Table 2-1. Wattage of Household Appliances
Appliance |
Number of Watts |
---|---|
Ceiling fan |
65–175 |
Clock radio |
10 |
Coffee maker |
900–1200 |
Clothes washer |
300–500 |
Clothes dryer |
1800–5000 |
Dehumidifier |
785 |
Dishwasher |
1200–2400 |
DVD player |
20–25 |
Hair dryer |
1200–1875 |
Iron |
1000–1800 |
Microwave oven |
750–1100 |
Personal computer: Desktop monitor and hard drive |
60 (standby)–270 |
Personal computer: Laptop |
50 |
Portable heater |
750–1500 |
Refrigerator (frost-free, 16 cubic feet) |
725 |
Television |
65–170 |
Toaster oven |
1225 |
Vacuum cleaner |
1000–1440 |
When you're shopping for new appliances, look for Energy Star–qualified ones. Energy Star began in 1992 as a voluntary labeling program that let manufacturers identify energy-efficient models. The first Energy Star products were computers and monitors, but now the program includes office equipment, major appliances, lighting, home electronics, and even homes and other buildings (see LEEDing the Way to Green Buildings).
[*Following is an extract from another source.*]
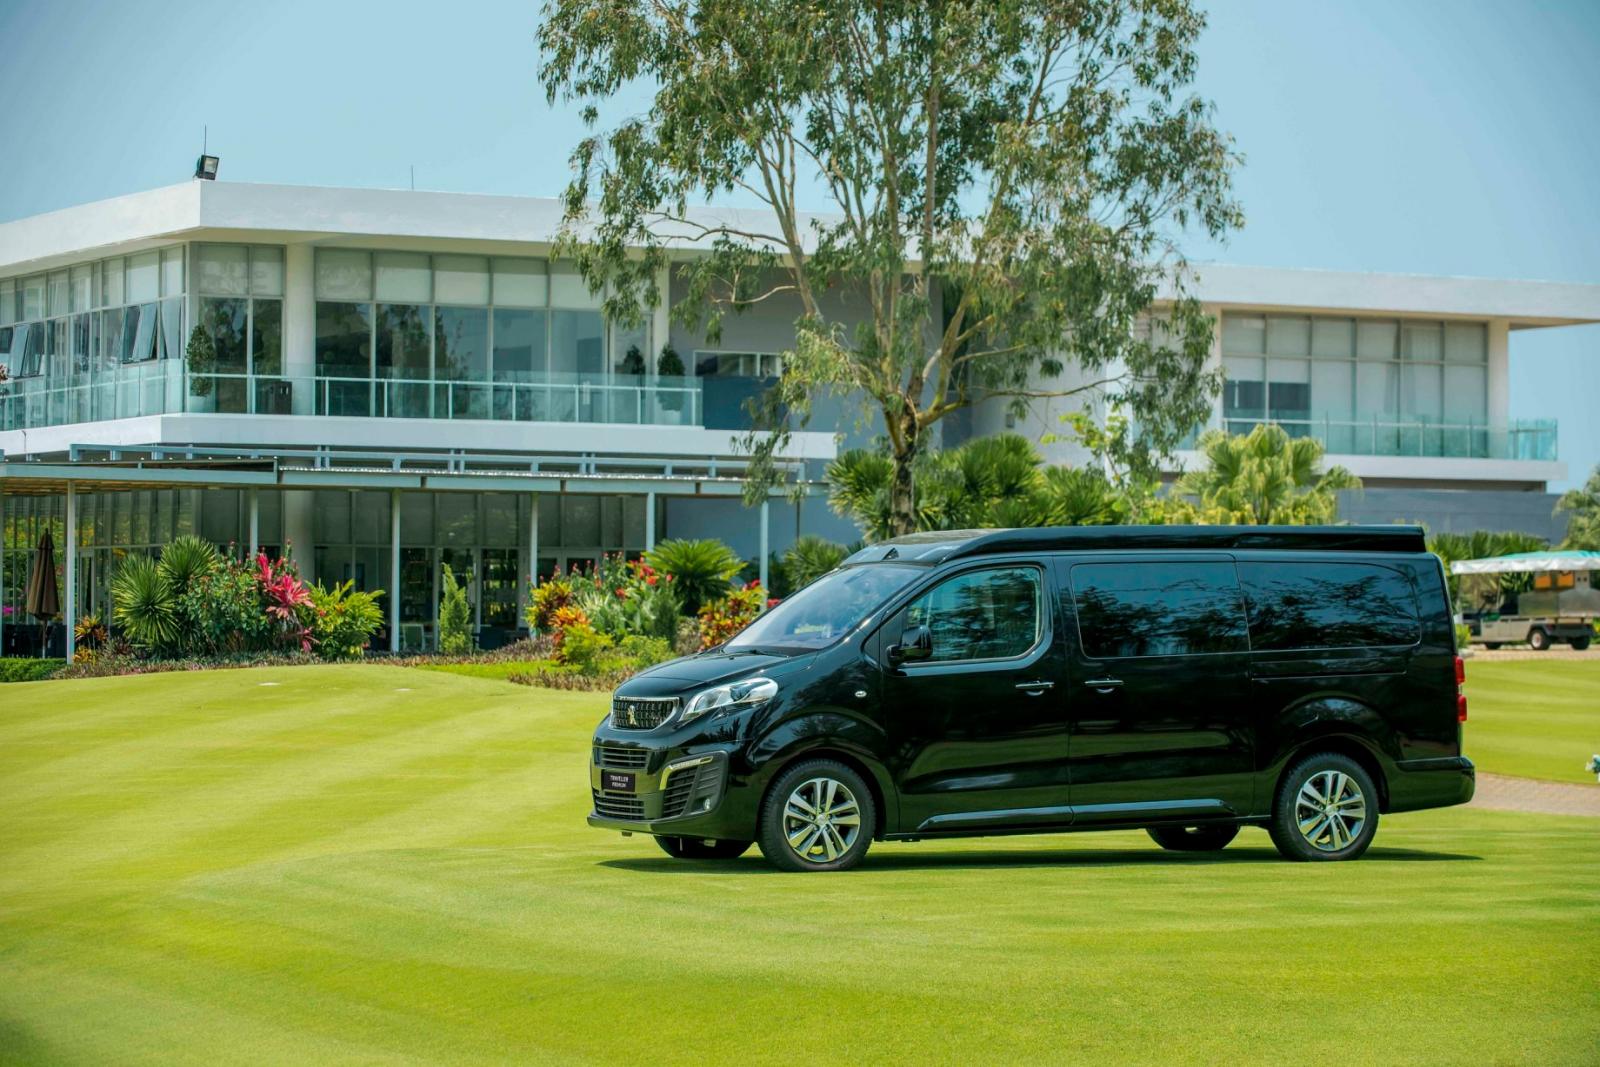 Peugeot Peugeot khác Traveller Luxury 2019 - Cần bán xe Peugeot Traveller Luxury năm 2019, màu đen

Although the program began in the U.S., products with the Energy Star label are also available in other countries including Canada, Australia, New Zealand, the European Union, Switzerland, Taiwan, and Japan.
Many countries also label major appliances with an energy guide that rates the model's efficiency and estimates how much it costs to run. In the U.S., for example, the bright-yellow EnergyGuide tag has been rating energy efficiency since 1980. The EnergyGuide tag tells you three important things:
How much power the appliance uses (in kilowatt hours per year)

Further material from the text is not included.